Accelerating GIS Analytics with DuckDB and GeoParquet
Learn how DuckDB's in-process analytical engine paired with GeoParquet creates a powerful, serverless stack for high-performance geospatial analytics without traditional database overhead.
The emergence of GeoParquet solved the problem of efficient geospatial data storage. The next piece of the puzzle is a query engine that can fully exploit its advantages without the complexity and overhead of traditional database systems.

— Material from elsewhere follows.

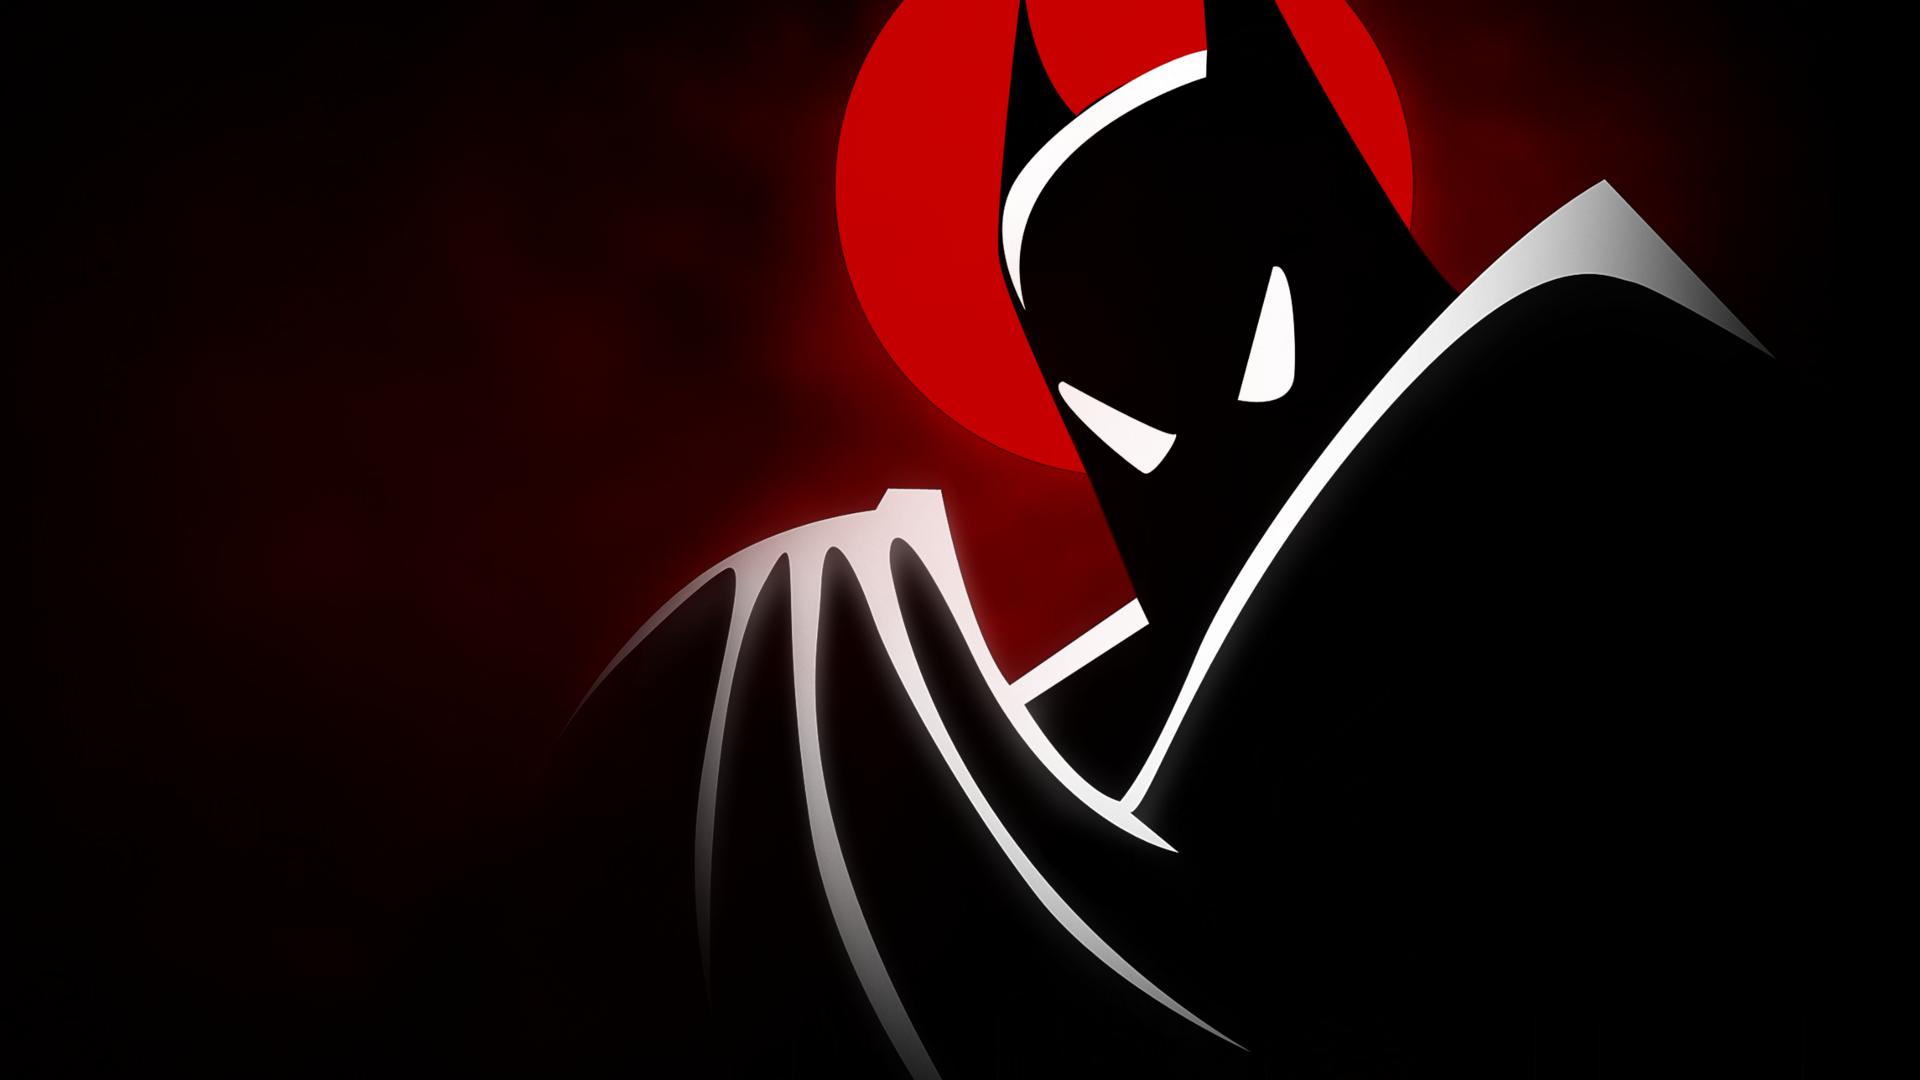 Batman The Animated Series Computer Wallpapers Desktop Backgrounds 1920x1080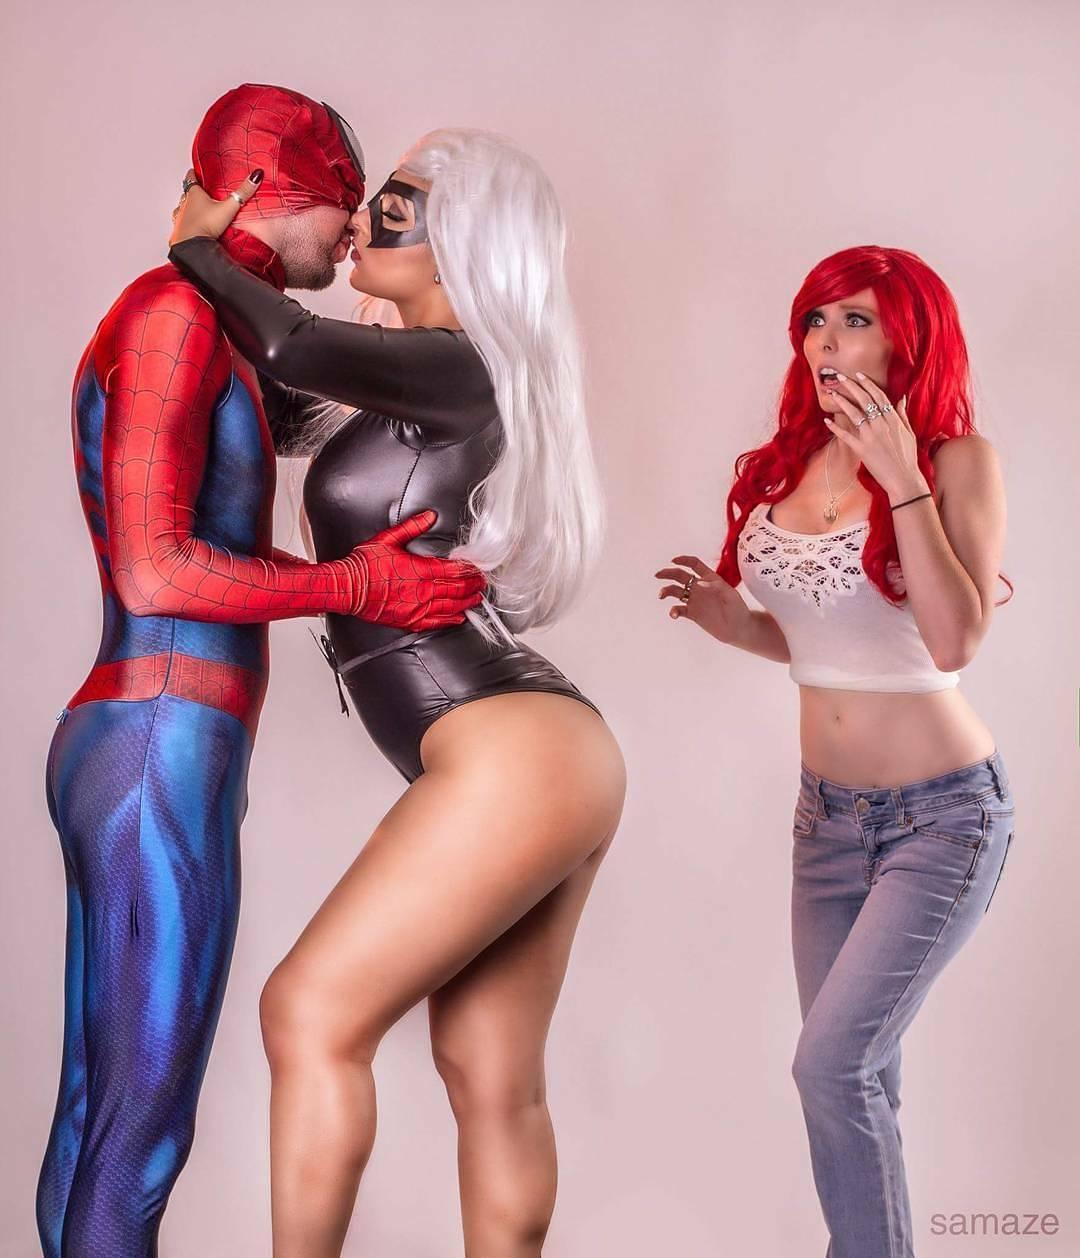 spiderman blackcat mjwatson cosplay by dallas_spidey soniaralynn krystlestarrwars photo by adamsamaze

Enter DuckDB, an in-process analytical database that, when paired with GeoParquet, creates a powerful, lightweight, and serverless stack for high-performance GIS analytics.
Introduction to DuckDB: The "SQLite for Analytics"
DuckDB is often described as the "SQLite for analytics," and the analogy is apt. Like SQLite, it is an in-process database, meaning it runs directly within your application as a library, not as a separate server process you need to install, manage, and connect to. However, where SQLite is optimized for transactional workloads (OLTP), DuckDB is purpose-built from the ground up for analytical query workloads (OLAP).
For geospatial users, DuckDB's true power is unlocked via its spatial extension:
\\\sql
INSTALL spatial;
LOAD spatial;
\\\
This provides access to over 150 spatial functions with familiar PostGIS-style syntax, while internally bundling essential GIS libraries like GEOS, GDAL, and PROJ.
The Modern Analytics Workflow: Querying GeoParquet Directly
The combination of DuckDB and GeoParquet enables a paradigm shift away from traditional ETL workflows. DuckDB can query GeoParquet files directly, without an explicit import step. This is enhanced by the httpfs extension, allowing queries on remote files via HTTP range requests.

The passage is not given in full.